Kan Yan <kyan@xxxxxxxxxx> · Fri, 8 Nov 2019 17:22:38 -0800

It is most likely just insufficient locking. active_txq_lock is per
AC, can't protect local->aql_total_pending_airtime against racing
conditions:
void ieee80211_sta_update_pending_airtime(...)
{
        spin_lock_bh(&local->active_txq_lock[ac]);
        ...
        local->aql_total_pending_airtime -= tx_airtime;
        ...
        spin_unlock_bh(&local->active_txq_lock[ac]);
}

After changing it to atomic_t, no more aql_total_pending_airtime
underflow so far :). Using atomic operation should also help reduce
CPU overhead due to lock contention, as
ieee80211_sta_update_pending_airtime() is often called from the tx
completion routine triggered by interrupts, often in a different core
than where __ieee80211_schedule_txq() is running.
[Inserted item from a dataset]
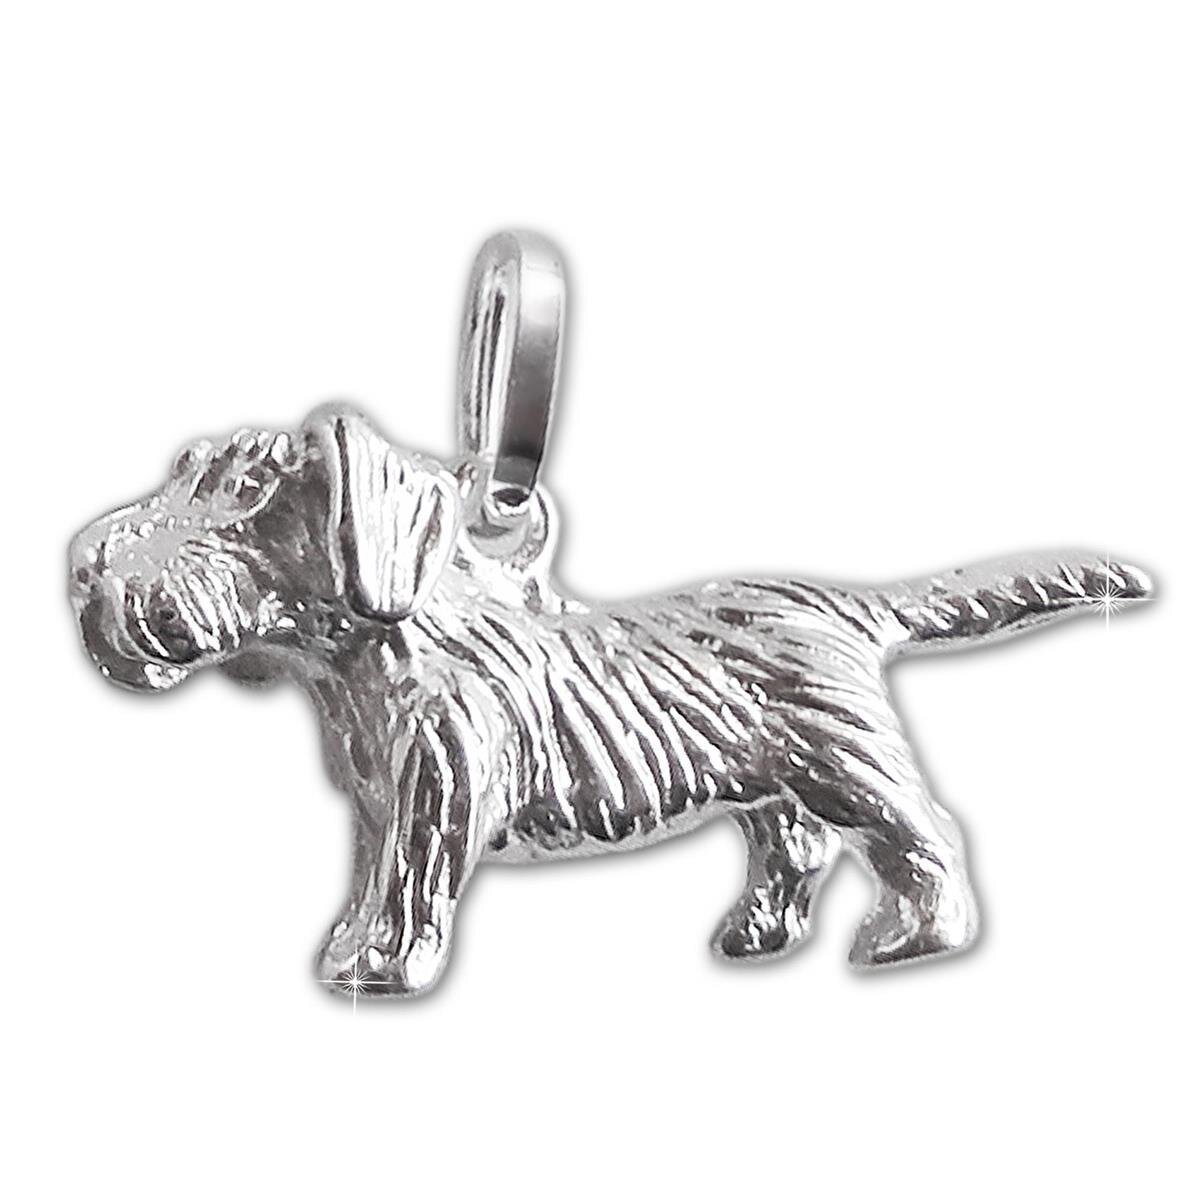 Silberner Rauhaardackel Hund Anhänger 20 mm figürlich Echt Silber 925

I will post a new version a bit later if the test goes well.

Regards,
Kan

On Fri, Nov 8, 2019 at 3:17 AM Johannes Berg <johannes@xxxxxxxxxxxxxxxx> wrote:
>
> On Fri, 2019-11-08 at 12:10 +0100, Toke Høiland-Jørgensen wrote:
>
> > Right, bugger. I was thinking maybe there's a case where skbs can be
> > cloned (and retain the tx_time_est field) and then released twice?
>
> They could be cloned, but I don't see how that'd be while *inside* the
> stack and then they get reported twice - unless the driver did something
> like that?
>
> I mean, TCP surely does that for example, but it's before we even get to
> mac80211.
>
> > Or
> > maybe somewhere that steps on the skb->cb field in some other way?
> > Couldn't find anything obvious on a first perusal of the TX path code,
> > but maybe you could think of something?
>
> No, sorry. But I also didn't actually look at the driver at all.
>
> > Otherwise I guess we'll be forced to go and do some actual,
> > old-fashioned debugging ;)
>
> :)
>
> johannes
>